I recall Simmon's Using The View Camera also has a table of filters, but then it seems as though my "recall" might need to be recalled.

------Cheers!

Robert A. Zeichner
16-Nov-2003, 14:35
A Wratten K2 is virtually the same as a #8. A #9 is barely deeper, but my favorite filter of all, the Wratten G is darker yet and is equivalent to a #15. That said, the reason you use a yellow or dark yellow or Orange filter when shooting snow is to darken the tiny shadows cast by the snow particles as light strikes the scene at an angle. Without a filter, the shadows which are pretty bright and rich in UV just blend into the highlight areas creating a blocked out result. With a filter, the UV is trapped and the snow now takes on some textural qualities which result in the highlights looking like, well, snow....fluffly, grainy, powdery, whatever you might call it. The darker the filter you use, the darker the shadows will be rendered. Keep this in mind when there is green foliage in the scene.

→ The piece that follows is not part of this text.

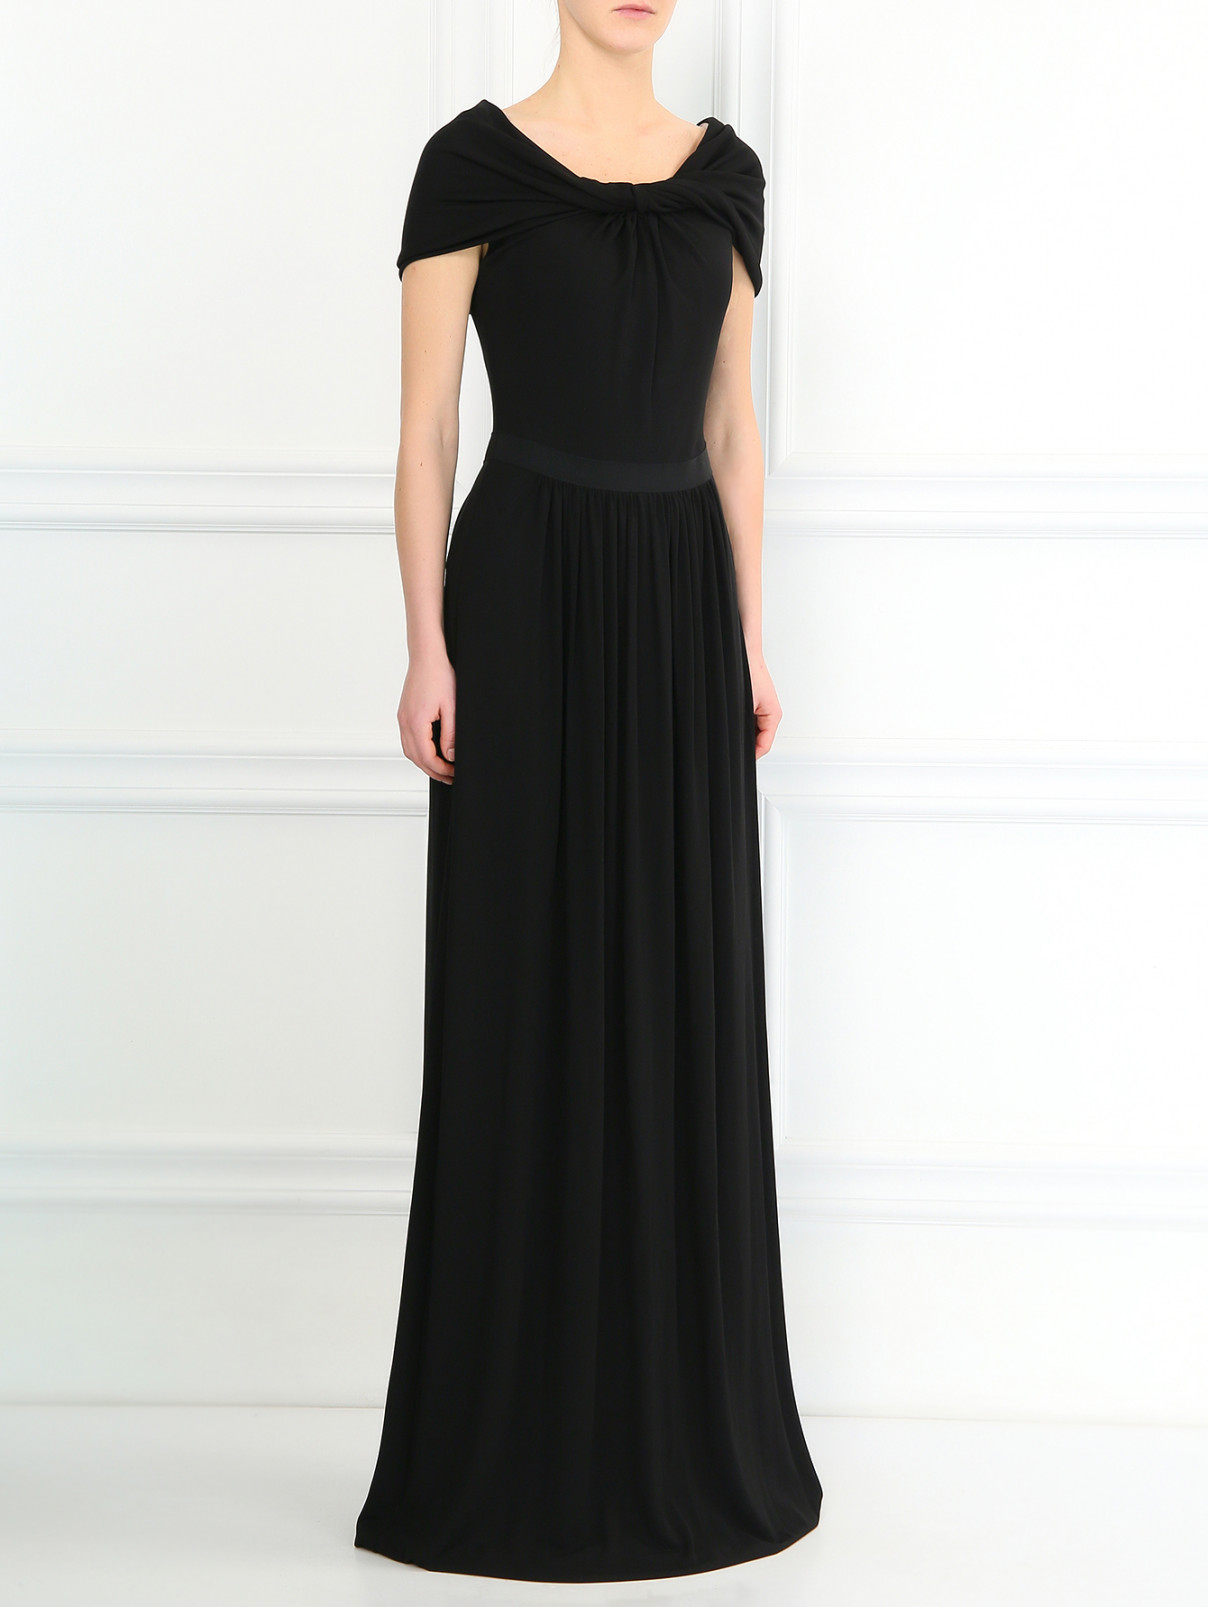 Платье-макси с драпировкой Giambattista Valli  –  Модель Общий вид  – Цвет:  Черный
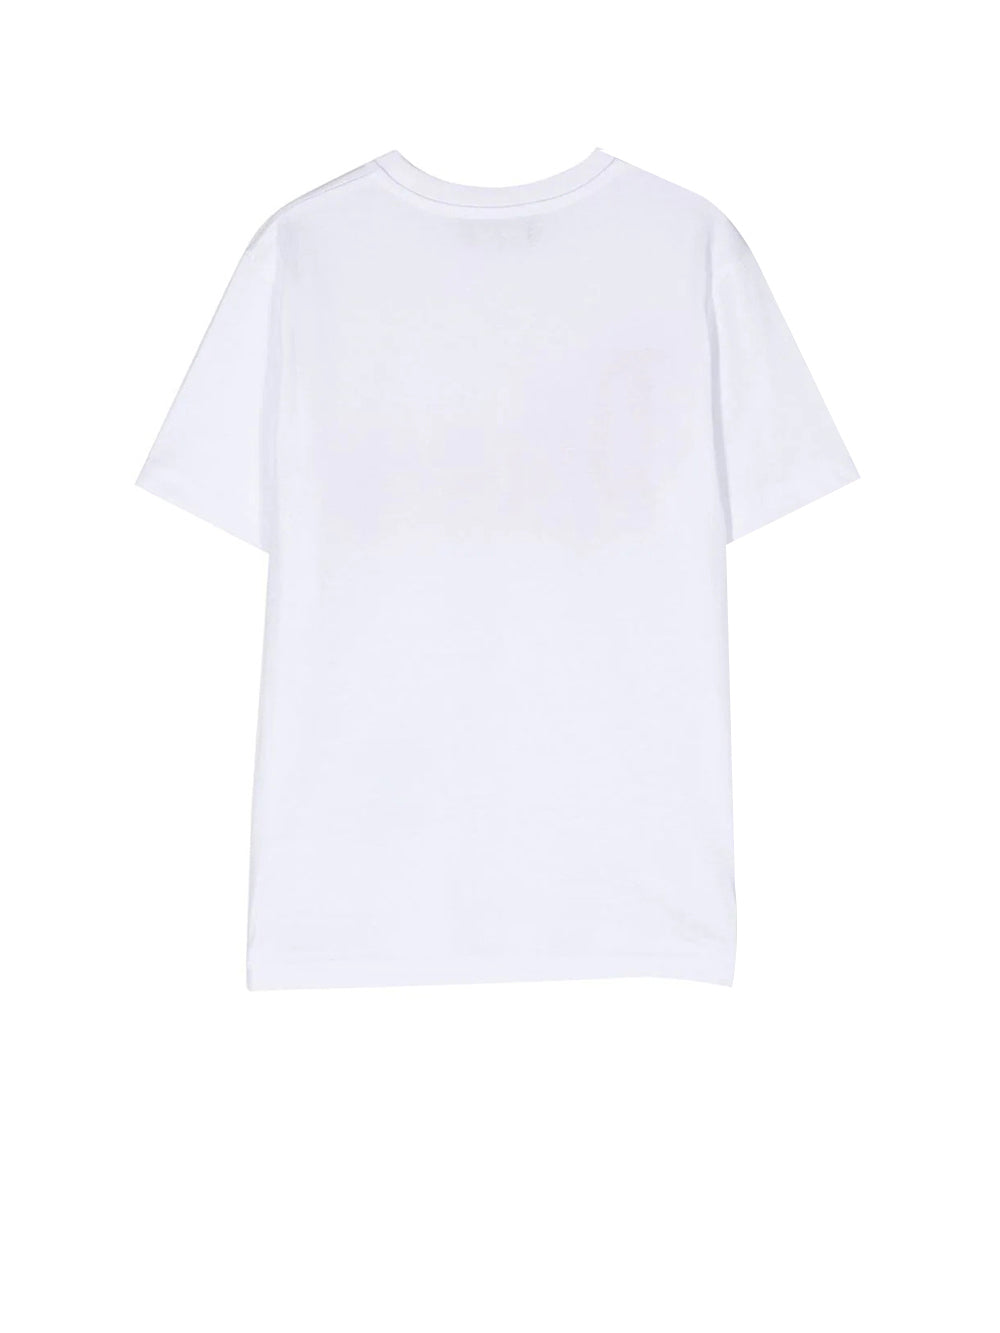 T-shirt Unisex Ragazzo Bianca in cotone con lettering brand

The temptation to use a red filter would certainly work to make the snow appear to have textural detail, but it will also render greens as dark, almost black in some cases, an effect you might want to avoid. All the above is true for shooting white clapboard buildings as well as white cement or cinder block structures.

James Venis
17-Nov-2003, 09:48
This is a little tangential to the original question, but I wonder if Mr. Scudder would comment on how he determines exposure when using a polarizing filter.